Each system needs a gateway that is on a matching subnet. Config the port forwarding as though they were 2 seperate Sonic boxes. Where there is a conflict because 2 systems want the same incoming port (e.g. RDP) then decide which system gets the default and remap the other to accept a non-default port on the Sonic (e.g. 8389 maps to host:3389). Finally on the Sonic open any ports that you want to allow to traverse subnets. If you're Sonic can't assign a 2nd LAN address, then either upgrade/replace it or you'll have to rethink how you implement things.

You'd only point the Sonic to the host for SBS requests if the host was configured to be doing it's own bridging/NAT between the subnets, but that makes the network hideously complex. Better to keep all firewalling and NAT in one place.

Edit: As odjobb mentioned, if remapping ports then it can get complex to manage if you have too many.
Edit2: If you use the Sonic as described to route only certain ports between the subnets then they remain firewalled. If you do a straight bridge and allow anything to go between then there is next to no point in using different subnets.

If memory serves, I think I came across a white paper from SonicWall a while ago on how to configure the TZ210 for using two LANs.
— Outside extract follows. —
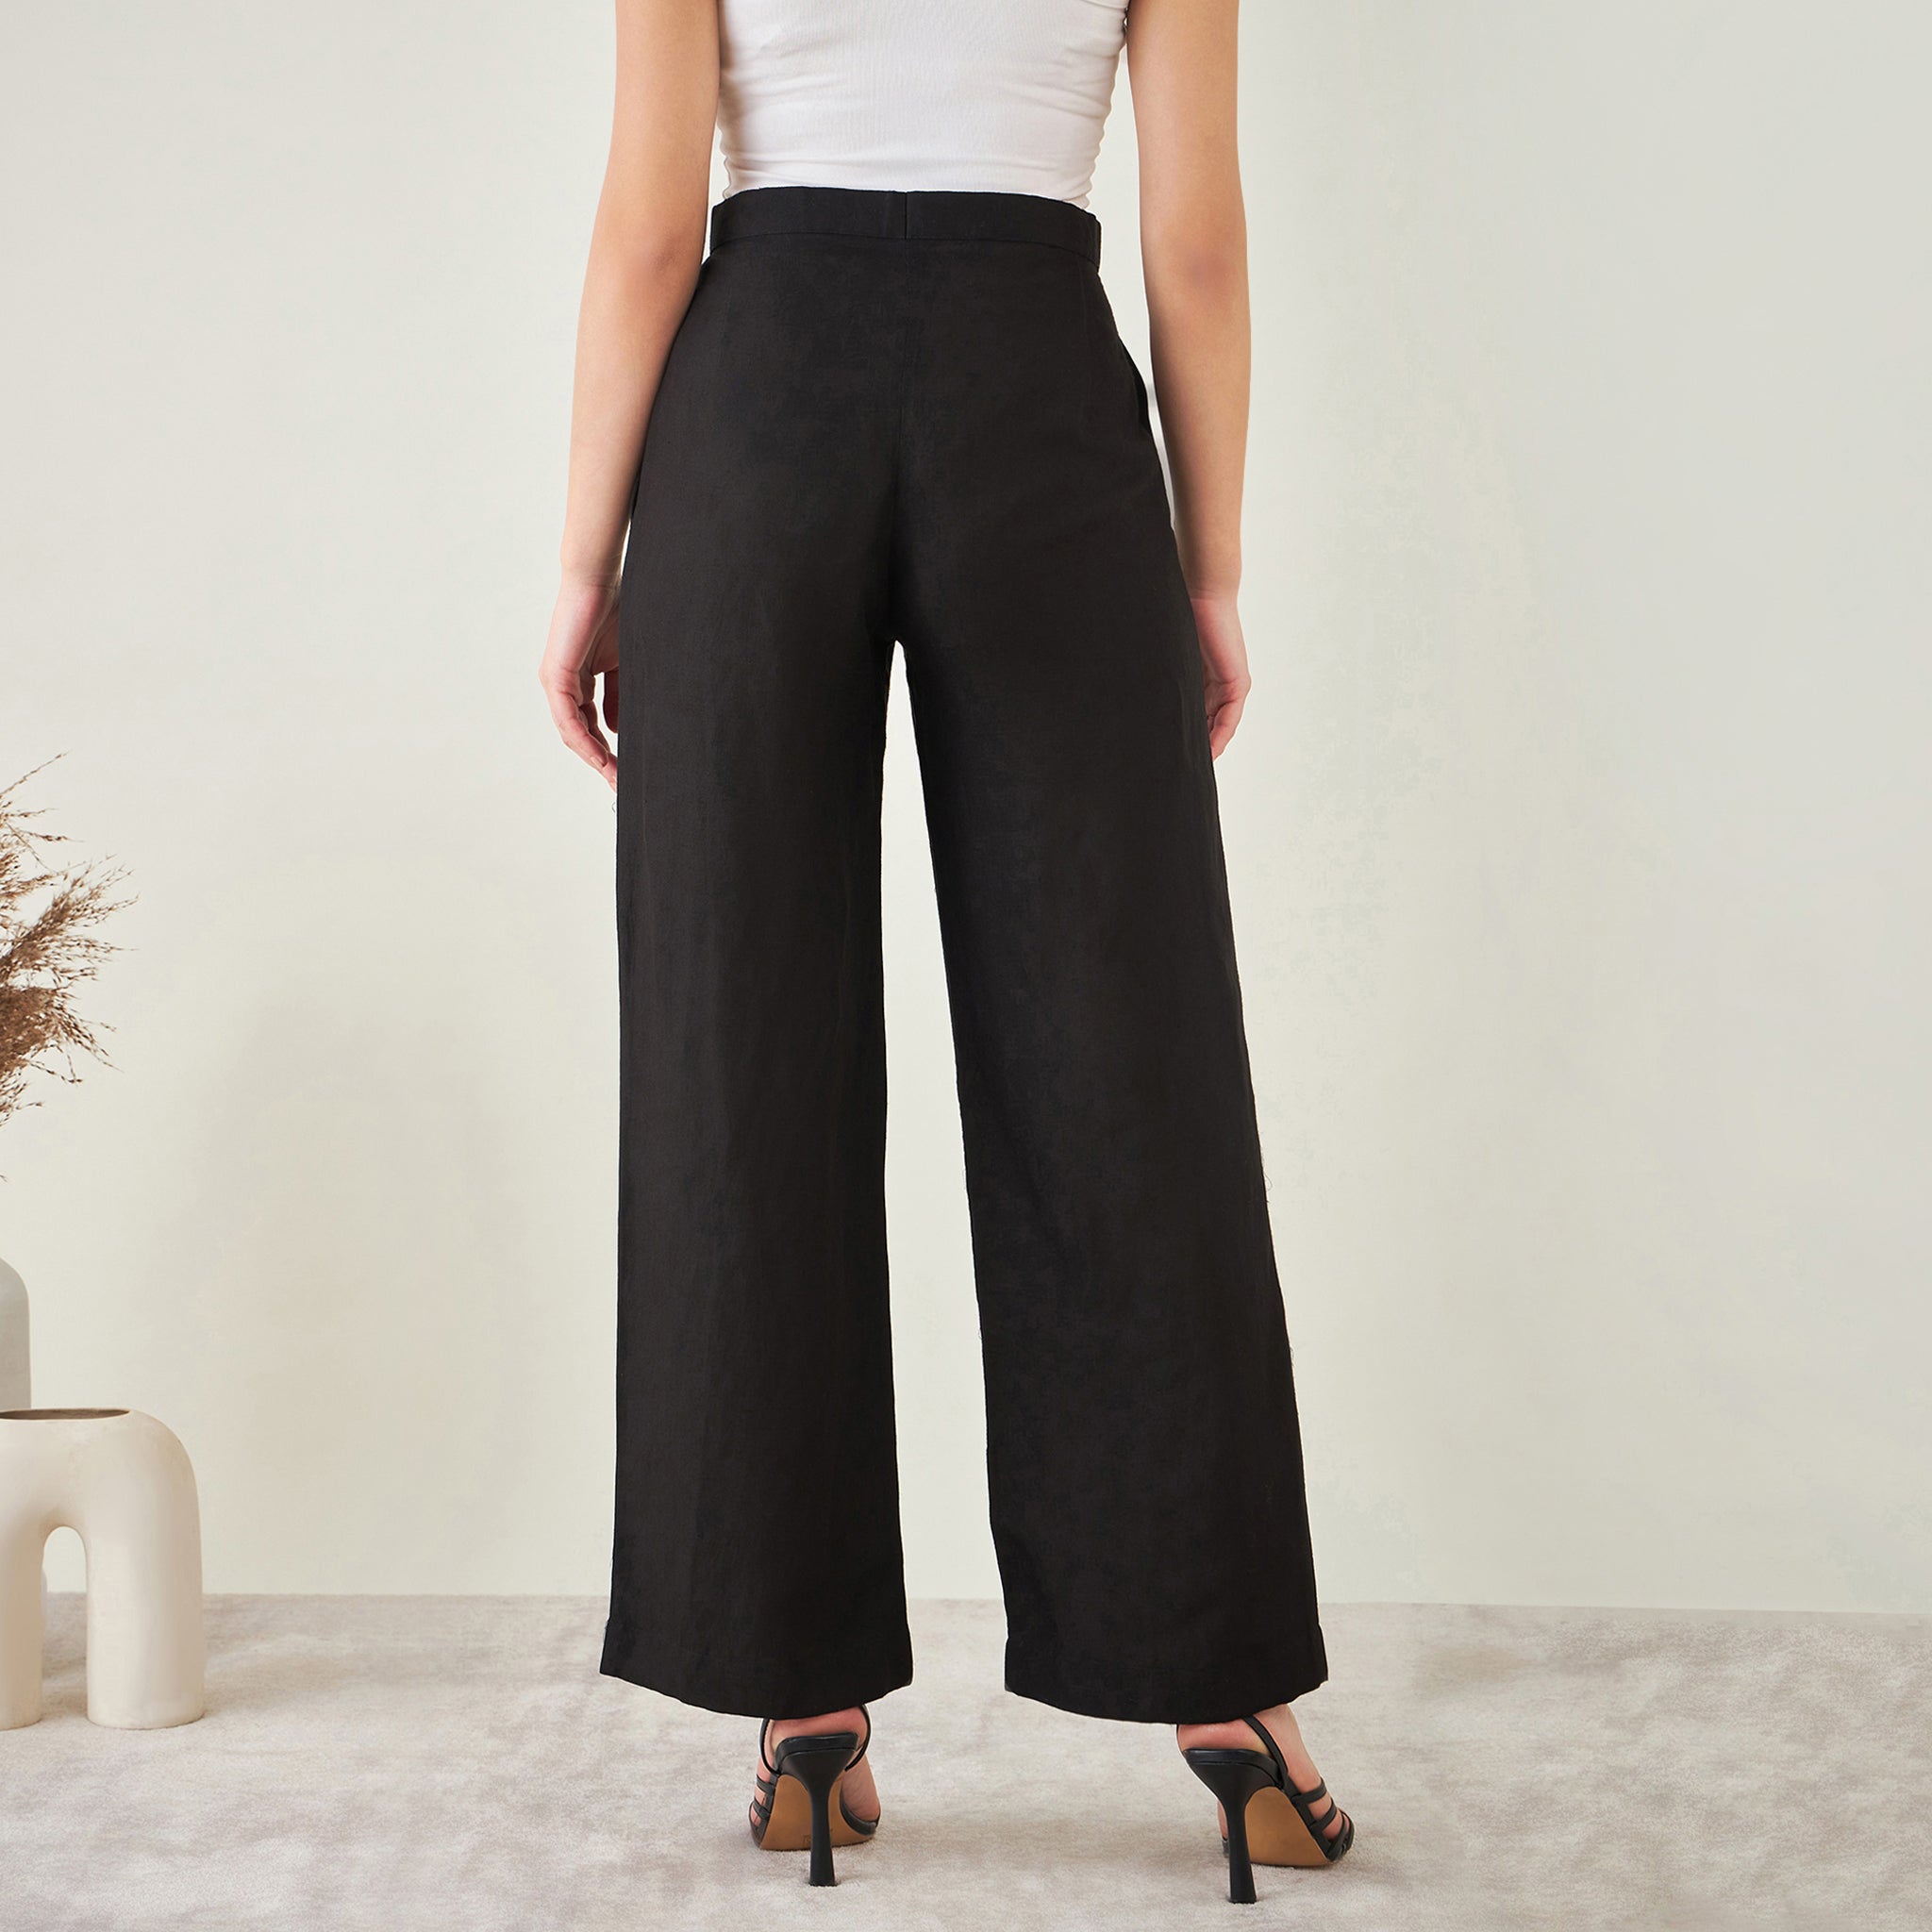 Amazon.com: Black Linen Pants Women

I'll see whether I can find it...

Agreed on leaving the NAT/firewall management on the SW.

I'd thought about using port mappings as a way of managing connections between different subnets. I agree, it may become complex if there are too many.

Agreed on bridging LAN subnets - pointless to do since I may as well use one subnet! Silly suggestion by me in hindsight.

 

[oddjob62]

Understood. Although, the SW is a single point regardless of whether I decide to use two LANs as opposed to one; if it fails, the network would go down either way. Granted, your point on bandwidth contention is something I hadn't considered.

It shouldn't... the switch should handle all LAN traffic if everything is on one subnet. The SW should just handle traffic between LAN and Internet.

If you start making the SW handle inter subnet traffic, then if it dies, inter subnet traffic dies.

Actually... thinking again, i guess you are putting the SBS server on the same subnet as the workstations right? in that case a separate subnet for the HV Hosts makes even less sense.

That's the last i'm going to say on the issue.

 

[madman045]

Hold on a minute, if you are using SBS 2011 as you domain controller with additional servers, there is no need to have 3389 open at all (if you want to forward a different port to the Hyper-V host then thats up to you), but SBS is a TS Gateway and with an SSL certificate in place, you can all RDP into your network and any servers/PC's via SSL, meaning for SBS you typically just need 25, 443 and 987 forwarded to the SBS server and 1723 if you want it to handle incoming VPN connections for you domain.